Understanding graph adjacency lists helps grasp how database items link to parents, enabling traversal algorithms.
Filesystem directory trees
Both represent hierarchical data with parent-child relationships.
Knowing how files and folders link to parents clarifies how adjacency lists model real-world hierarchies.
Linked lists (data structures)
Adjacency lists use parent pointers similar to linked list nodes pointing to next nodes.
Recognizing adjacency lists as linked structures helps understand traversal and update operations.
Common Pitfalls
#1Trying to get all descendants with a single query on parentId.
Wrong approach:Query DynamoDB with parentId = rootId expecting all descendants: Query({ IndexName: 'parentId-index', KeyConditionExpression: 'parentId = :rootId', ExpressionAttributeValues: { ':rootId': '1' } })

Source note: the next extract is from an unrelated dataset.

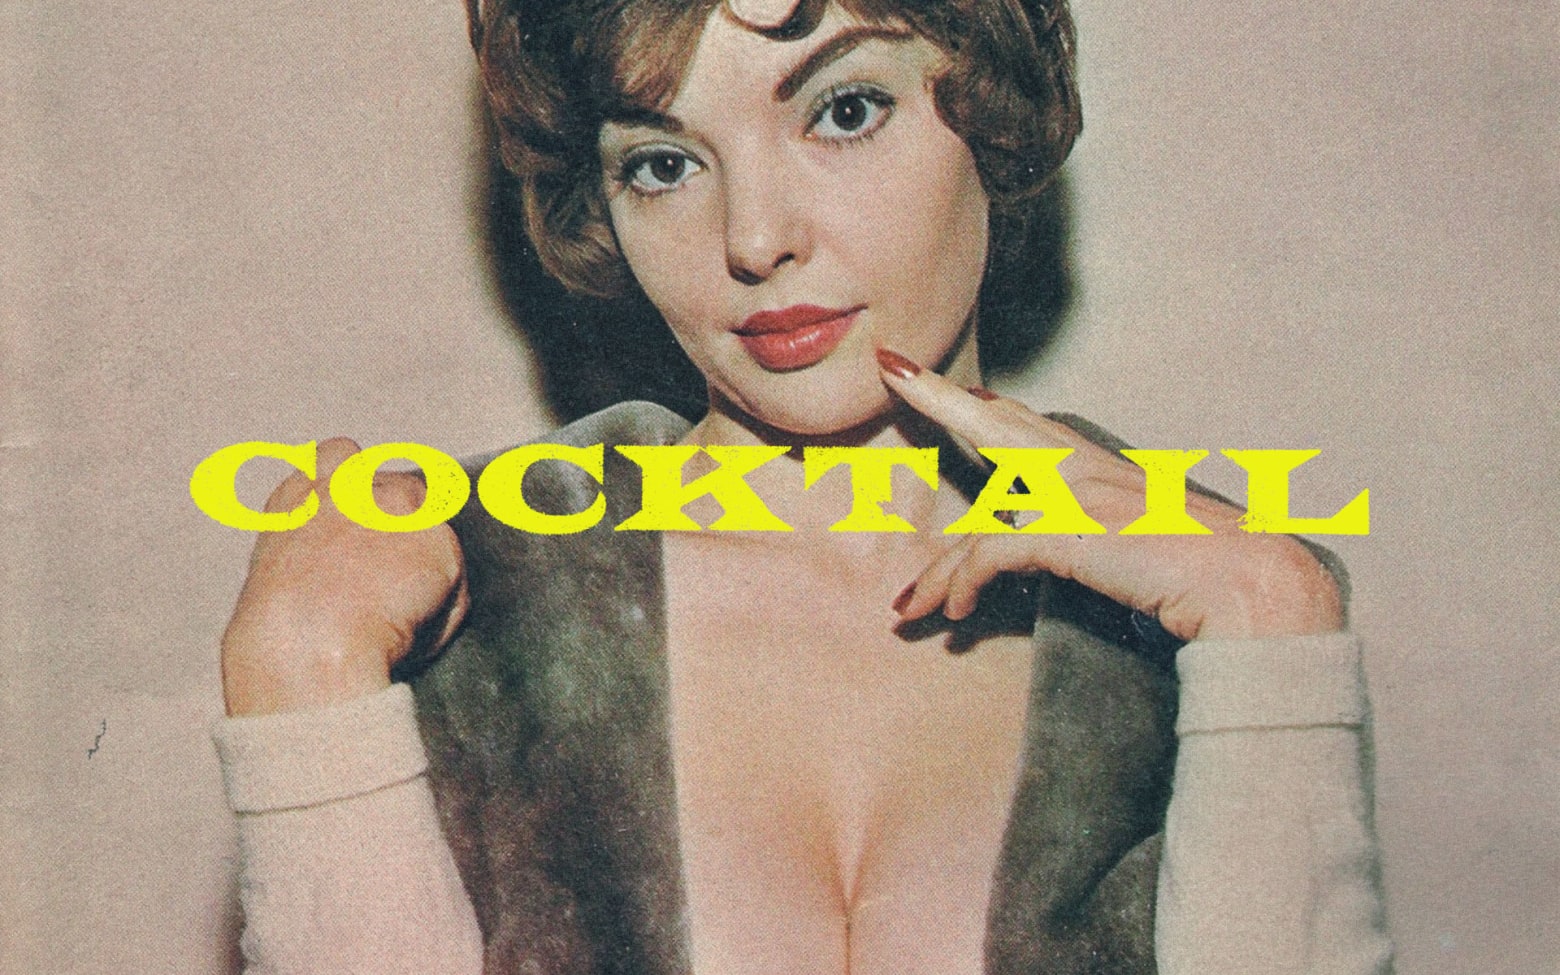 Vintage porn magazine sex

Correct approach:Query children with parentId = rootId, then recursively query children of those children in application code or use denormalized paths.
Root cause:Misunderstanding that parentId only links to direct children, not all descendants.
#2Not creating a secondary index on parentId for child queries.
Wrong approach:Query DynamoDB table directly on parentId without an index, causing errors or full table scans.
Correct approach:Create a Global Secondary Index on parentId attribute and query that index for efficient child lookups.
Root cause:Not knowing DynamoDB requires indexes for querying non-key attributes.
#3Allowing cycles by setting an item's parentId to its own descendant.
Wrong approach:Update item with id=3 to have parentId=5, where 5 is a child of 3, creating a cycle.
Correct approach:Before updating parentId, check ancestor chain to prevent cycles.
Root cause:Assuming database enforces hierarchy integrity automatically.
Key Takeaways
The adjacency list pattern stores each item's parent ID to build hierarchies simply and flexibly.
DynamoDB requires secondary indexes on parentId to efficiently query children of a node.
Upward traversal in adjacency lists needs multiple queries following parent links, which can be slow.
Denormalization can speed queries but adds complexity in keeping data consistent.
Applications must handle cycle detection and data integrity because adjacency lists do not enforce it.